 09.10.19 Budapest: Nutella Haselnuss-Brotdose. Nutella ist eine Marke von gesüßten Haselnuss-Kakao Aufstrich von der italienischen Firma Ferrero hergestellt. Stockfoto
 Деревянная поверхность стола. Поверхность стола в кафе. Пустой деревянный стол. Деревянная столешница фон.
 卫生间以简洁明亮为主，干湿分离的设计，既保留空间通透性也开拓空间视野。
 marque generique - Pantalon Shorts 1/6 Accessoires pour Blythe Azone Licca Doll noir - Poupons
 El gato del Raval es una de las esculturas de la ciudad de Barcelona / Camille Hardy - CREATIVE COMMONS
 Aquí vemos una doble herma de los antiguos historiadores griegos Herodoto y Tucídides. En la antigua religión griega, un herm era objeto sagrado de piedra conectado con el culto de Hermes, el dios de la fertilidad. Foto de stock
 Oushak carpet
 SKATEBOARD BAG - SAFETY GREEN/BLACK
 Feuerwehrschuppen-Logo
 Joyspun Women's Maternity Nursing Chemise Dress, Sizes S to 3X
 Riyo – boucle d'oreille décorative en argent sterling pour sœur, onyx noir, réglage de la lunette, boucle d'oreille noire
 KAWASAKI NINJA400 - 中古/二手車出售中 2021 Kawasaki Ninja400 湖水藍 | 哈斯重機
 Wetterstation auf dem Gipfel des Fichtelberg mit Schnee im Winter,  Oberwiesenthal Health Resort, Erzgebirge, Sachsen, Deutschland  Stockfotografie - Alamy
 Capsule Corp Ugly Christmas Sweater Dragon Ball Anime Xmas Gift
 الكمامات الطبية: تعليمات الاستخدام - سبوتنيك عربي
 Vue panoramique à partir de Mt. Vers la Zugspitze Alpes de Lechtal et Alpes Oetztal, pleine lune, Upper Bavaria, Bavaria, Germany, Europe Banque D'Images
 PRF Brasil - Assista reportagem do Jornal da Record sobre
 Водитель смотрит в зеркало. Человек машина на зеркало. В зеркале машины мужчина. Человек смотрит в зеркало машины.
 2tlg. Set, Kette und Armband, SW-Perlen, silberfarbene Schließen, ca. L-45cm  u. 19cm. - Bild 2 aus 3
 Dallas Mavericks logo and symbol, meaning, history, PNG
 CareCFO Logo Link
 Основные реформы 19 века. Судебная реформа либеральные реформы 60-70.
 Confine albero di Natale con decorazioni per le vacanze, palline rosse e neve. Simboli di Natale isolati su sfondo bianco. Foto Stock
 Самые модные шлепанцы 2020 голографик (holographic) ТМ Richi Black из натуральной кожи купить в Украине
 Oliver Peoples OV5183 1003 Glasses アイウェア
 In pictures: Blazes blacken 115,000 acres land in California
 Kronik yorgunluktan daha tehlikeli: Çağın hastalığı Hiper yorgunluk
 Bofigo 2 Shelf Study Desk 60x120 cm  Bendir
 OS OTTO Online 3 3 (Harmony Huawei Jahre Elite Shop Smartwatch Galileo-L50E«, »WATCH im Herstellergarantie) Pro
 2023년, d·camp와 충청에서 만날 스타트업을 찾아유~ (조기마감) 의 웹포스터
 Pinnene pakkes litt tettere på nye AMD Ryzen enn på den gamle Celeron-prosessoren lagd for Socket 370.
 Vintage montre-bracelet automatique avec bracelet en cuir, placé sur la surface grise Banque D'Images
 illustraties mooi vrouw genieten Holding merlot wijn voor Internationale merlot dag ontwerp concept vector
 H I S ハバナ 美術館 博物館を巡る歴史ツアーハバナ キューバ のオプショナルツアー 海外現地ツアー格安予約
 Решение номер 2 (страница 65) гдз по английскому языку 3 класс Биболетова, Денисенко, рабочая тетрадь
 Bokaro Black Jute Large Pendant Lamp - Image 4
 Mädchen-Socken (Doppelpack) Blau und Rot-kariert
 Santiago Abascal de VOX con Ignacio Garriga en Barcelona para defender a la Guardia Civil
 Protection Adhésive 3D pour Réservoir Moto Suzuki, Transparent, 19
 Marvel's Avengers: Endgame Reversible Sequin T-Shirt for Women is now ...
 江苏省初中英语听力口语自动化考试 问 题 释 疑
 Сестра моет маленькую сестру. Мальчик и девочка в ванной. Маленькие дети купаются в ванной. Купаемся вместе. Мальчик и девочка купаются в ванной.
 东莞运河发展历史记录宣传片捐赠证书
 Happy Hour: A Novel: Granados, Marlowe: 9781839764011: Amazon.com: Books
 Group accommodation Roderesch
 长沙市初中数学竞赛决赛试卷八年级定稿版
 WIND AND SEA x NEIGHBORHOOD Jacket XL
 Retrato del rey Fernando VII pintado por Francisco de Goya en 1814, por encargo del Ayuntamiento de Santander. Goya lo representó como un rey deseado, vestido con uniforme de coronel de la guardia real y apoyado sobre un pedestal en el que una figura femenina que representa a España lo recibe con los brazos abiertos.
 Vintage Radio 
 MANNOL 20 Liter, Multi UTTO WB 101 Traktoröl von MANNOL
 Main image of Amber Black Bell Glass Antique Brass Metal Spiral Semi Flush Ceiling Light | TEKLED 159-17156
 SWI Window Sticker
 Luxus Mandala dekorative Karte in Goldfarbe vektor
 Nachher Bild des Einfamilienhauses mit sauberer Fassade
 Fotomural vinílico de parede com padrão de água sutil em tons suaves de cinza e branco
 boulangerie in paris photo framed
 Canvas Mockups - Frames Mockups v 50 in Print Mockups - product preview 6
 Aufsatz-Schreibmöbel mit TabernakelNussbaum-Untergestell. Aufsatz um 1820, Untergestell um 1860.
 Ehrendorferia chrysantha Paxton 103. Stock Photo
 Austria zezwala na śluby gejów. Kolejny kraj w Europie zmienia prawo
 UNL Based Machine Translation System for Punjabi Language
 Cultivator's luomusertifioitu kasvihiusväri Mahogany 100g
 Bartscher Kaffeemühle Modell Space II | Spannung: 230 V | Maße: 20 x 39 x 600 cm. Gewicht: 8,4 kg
_ _ _
→ **ACTIVITY**:
For the span from the line containing "Fotomural vinílico de" through the last line of the entries above, transcribe each line exactly and leave out everything else.

→ **EXERCISE OUTPUT**:
 Fotomural vinílico de parede com padrão de água sutil em tons suaves de cinza e branco
 boulangerie in paris photo framed
 Canvas Mockups - Frames Mockups v 50 in Print Mockups - product preview 6
 Aufsatz-Schreibmöbel mit TabernakelNussbaum-Untergestell. Aufsatz um 1820, Untergestell um 1860.
 Ehrendorferia chrysantha Paxton 103. Stock Photo
 Austria zezwala na śluby gejów. Kolejny kraj w Europie zmienia prawo
 UNL Based Machine Translation System for Punjabi Language
 Cultivator's luomusertifioitu kasvihiusväri Mahogany 100g
 Bartscher Kaffeemühle Modell Space II | Spannung: 230 V | Maße: 20 x 39 x 600 cm. Gewicht: 8,4 kg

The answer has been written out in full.